You may use, reproduce, modify, and distribute the G0.5 materials only for non-commercial purposes, such as academic research, personal use, education, and evaluation. Commercial use (including production deployment, providing services to third parties, or productization) requires a separate commercial license from us.

The G0.5 materials include model code, weights, configurations, training/inference scripts, documentation, and accompanying materials. See LICENSE-G0.5 and licenses/LICENSE-G0.5.

Notices and attribution

If you redistribute any part of the G0.5 materials, you must include:

a copy/link of the G0.5 Community License Agreement,
the NOTICE file in this repository, and
prominent notices on modified files indicating changes.

Third-party licenses

G0.5 uses Qwen3.5 as its pretrained VLM backbone and includes Qwen3.5-derived implementation components. Qwen3.5 model weights, configuration files, and related upstream materials are licensed by Qwen under Apache License 2.0. See LICENSE_QWEN3_5.txt.
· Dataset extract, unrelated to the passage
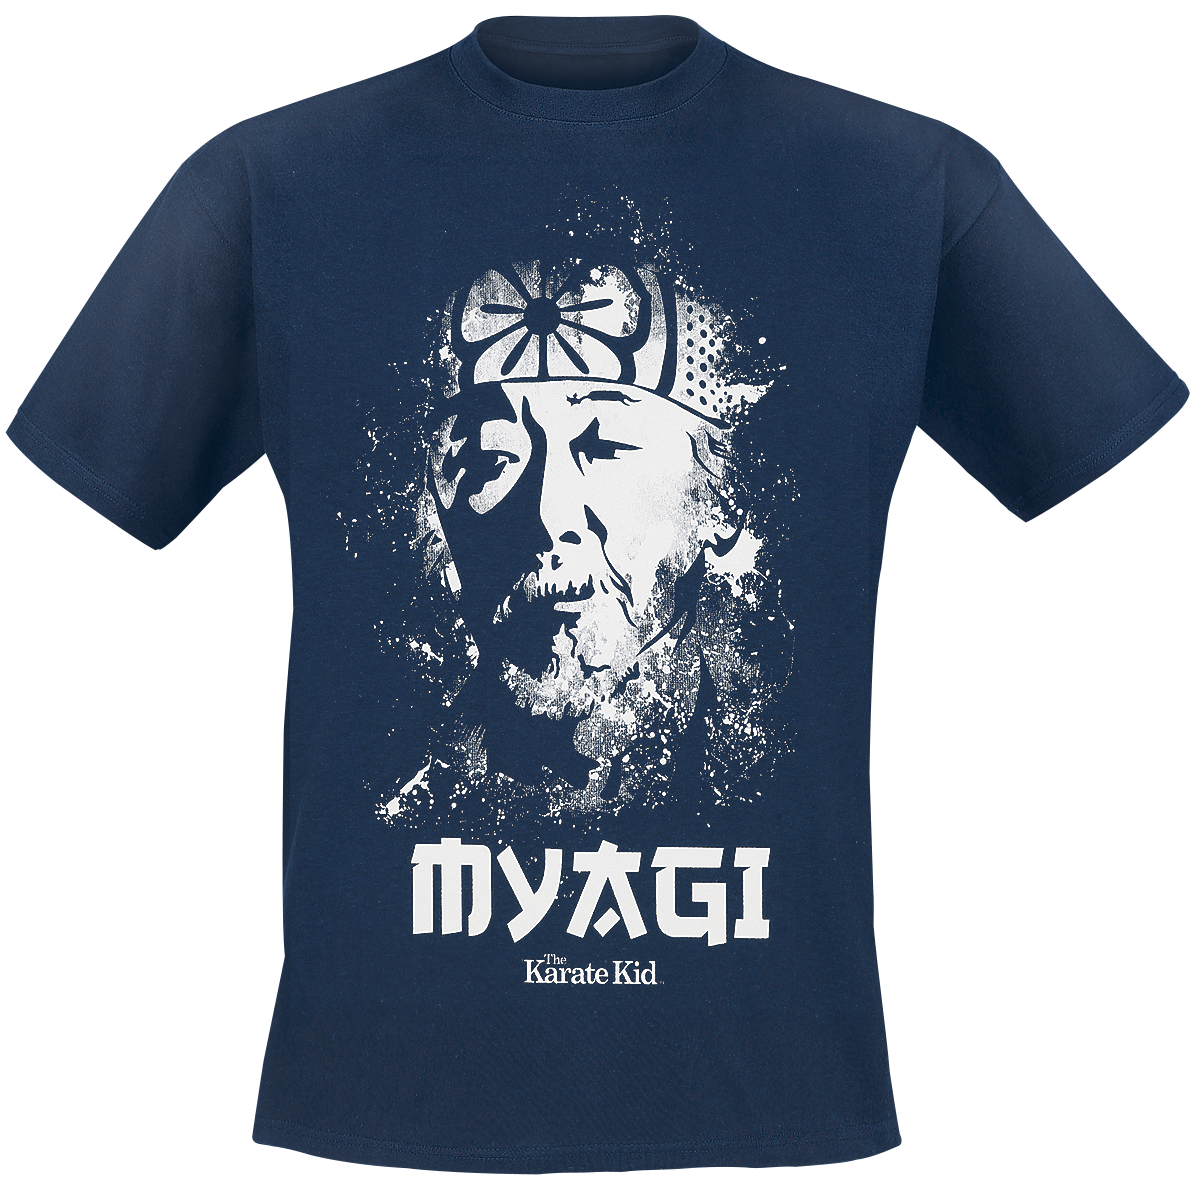 Karate Kid - Mr. Myagi - T-Shirt - blue image

Legal and safety compliance

This repository release does not itself provide a public-facing generative AI service. If you deploy, fine-tune, redistribute, or expose any model, service, output, or robot-control workflow, you are responsible for complying with applicable laws and regulations, including requirements for data rights, personal information protection, safety assessment or filing, content safety, generated-content labeling, and robotics safety in your jurisdiction.